- **Material for the task**:
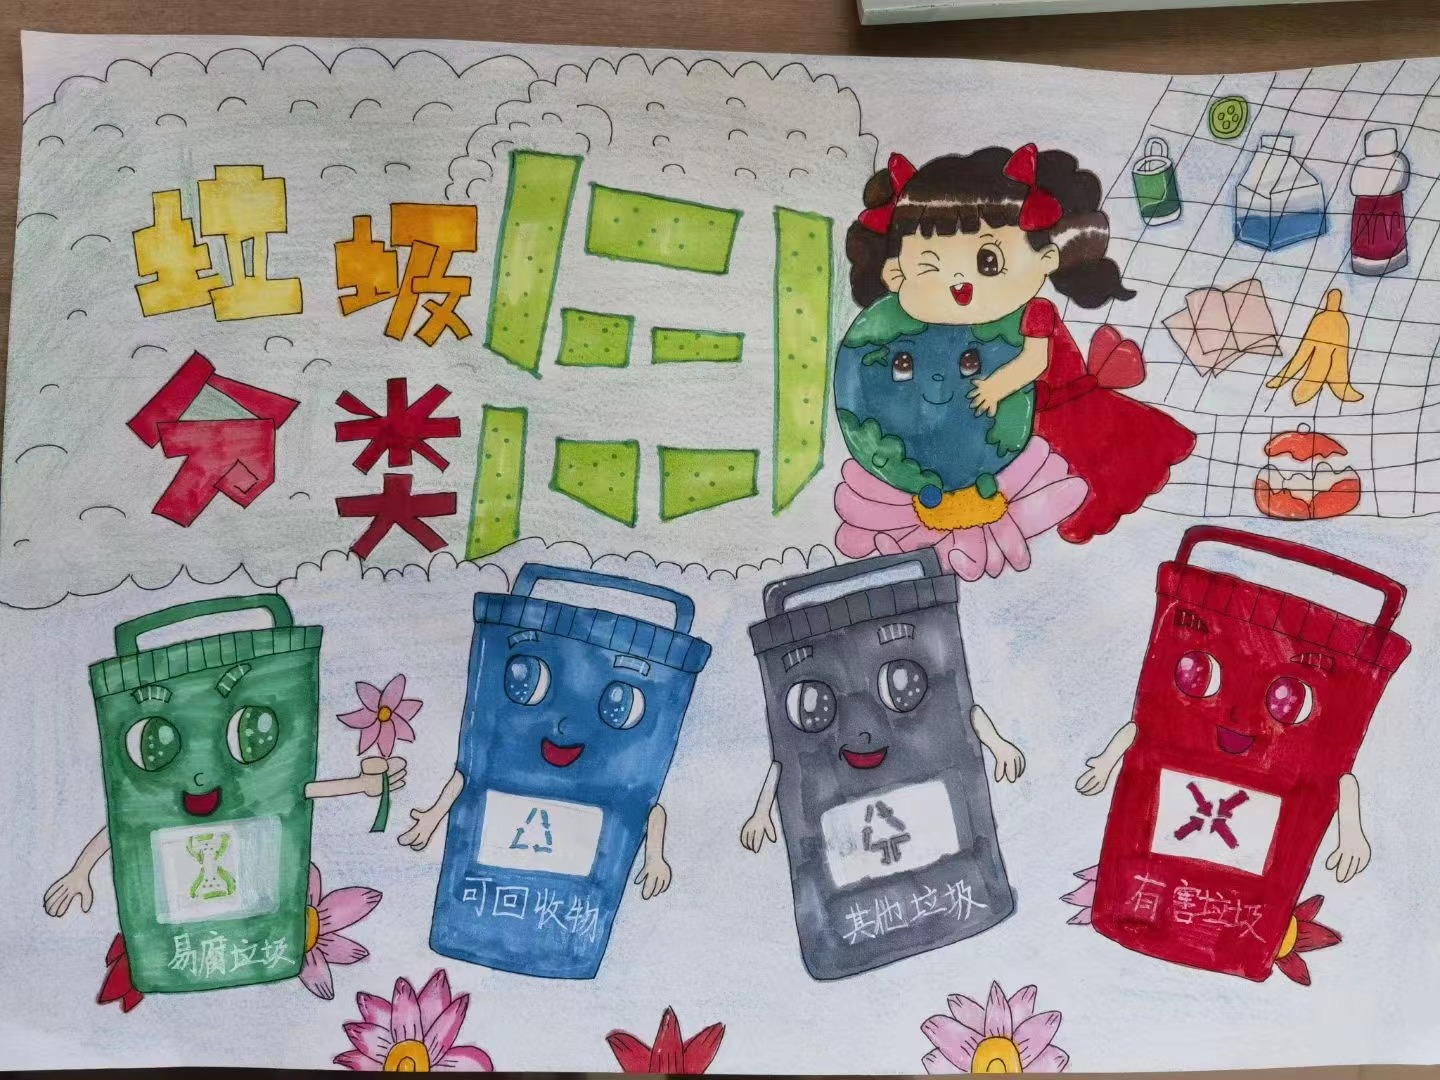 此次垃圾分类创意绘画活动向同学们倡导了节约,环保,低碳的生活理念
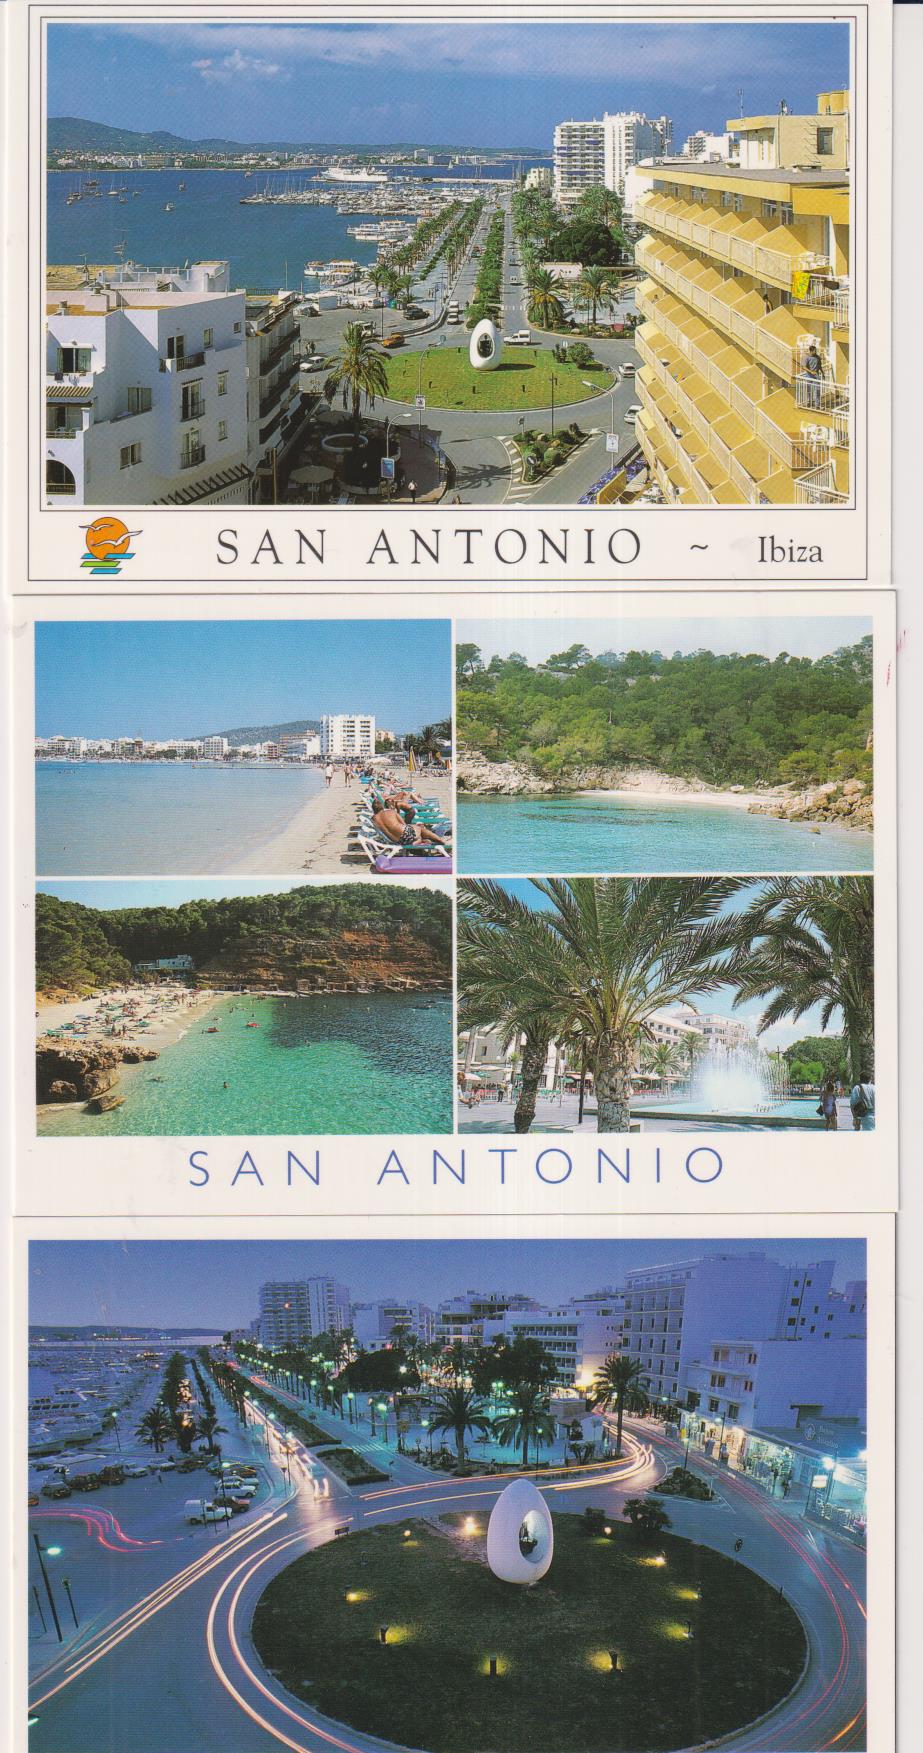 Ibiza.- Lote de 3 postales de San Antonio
---
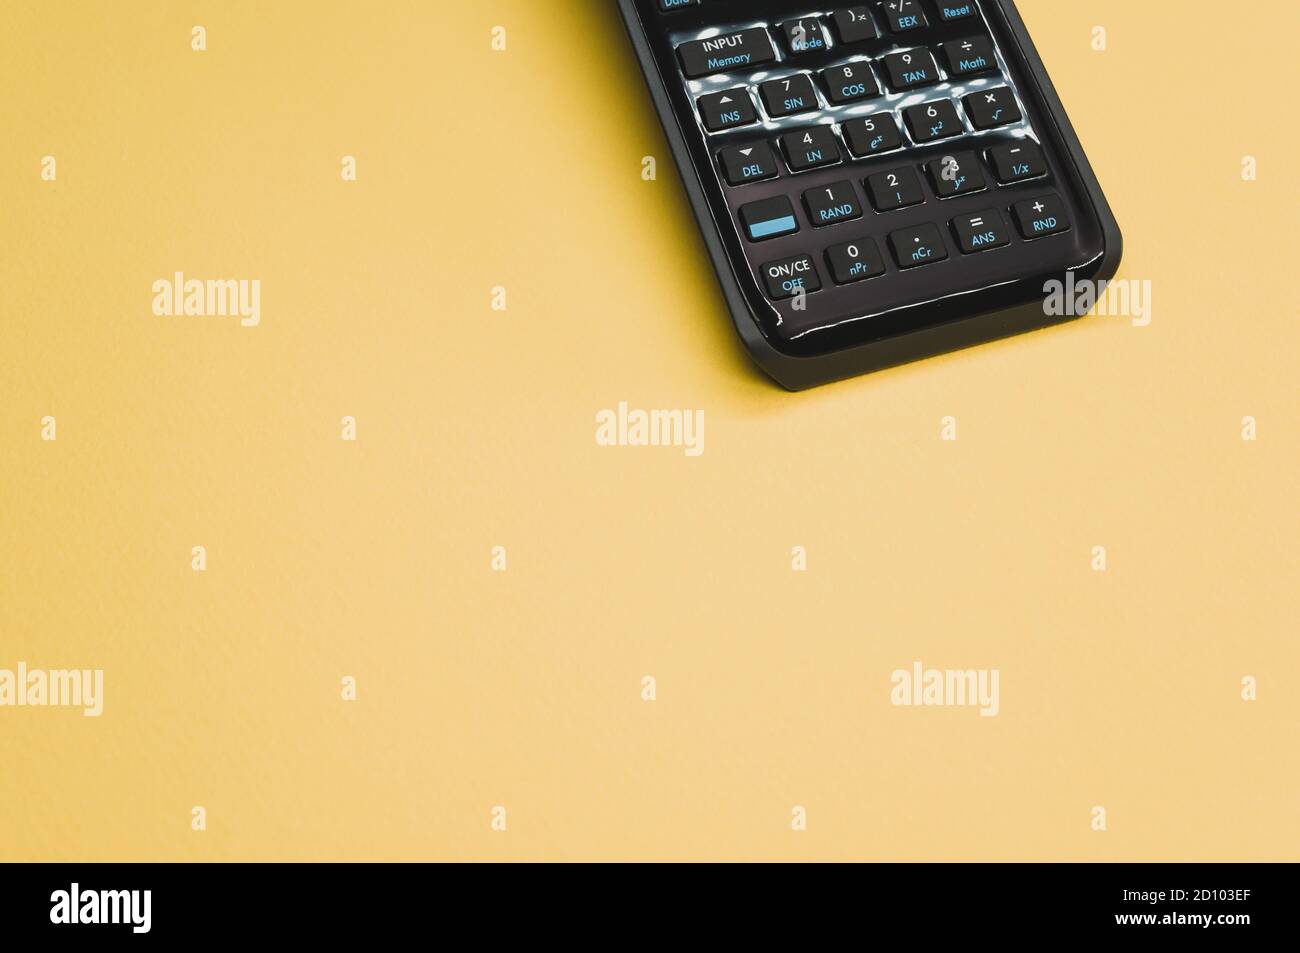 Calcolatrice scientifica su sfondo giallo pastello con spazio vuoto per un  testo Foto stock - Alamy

- **Work instruction**:
Leaving out the pictures, please output the lines in the entries above from the one with "此次垃圾分类创意绘画活动向同学们倡导了节约,环保,低碳的生活理念" through the one with "Ibiza.- Lote de 3 postales de San Antonio", exactly as they are.

- **Exercise output**:
 此次垃圾分类创意绘画活动向同学们倡导了节约,环保,低碳的生活理念
 Ibiza.- Lote de 3 postales de San Antonio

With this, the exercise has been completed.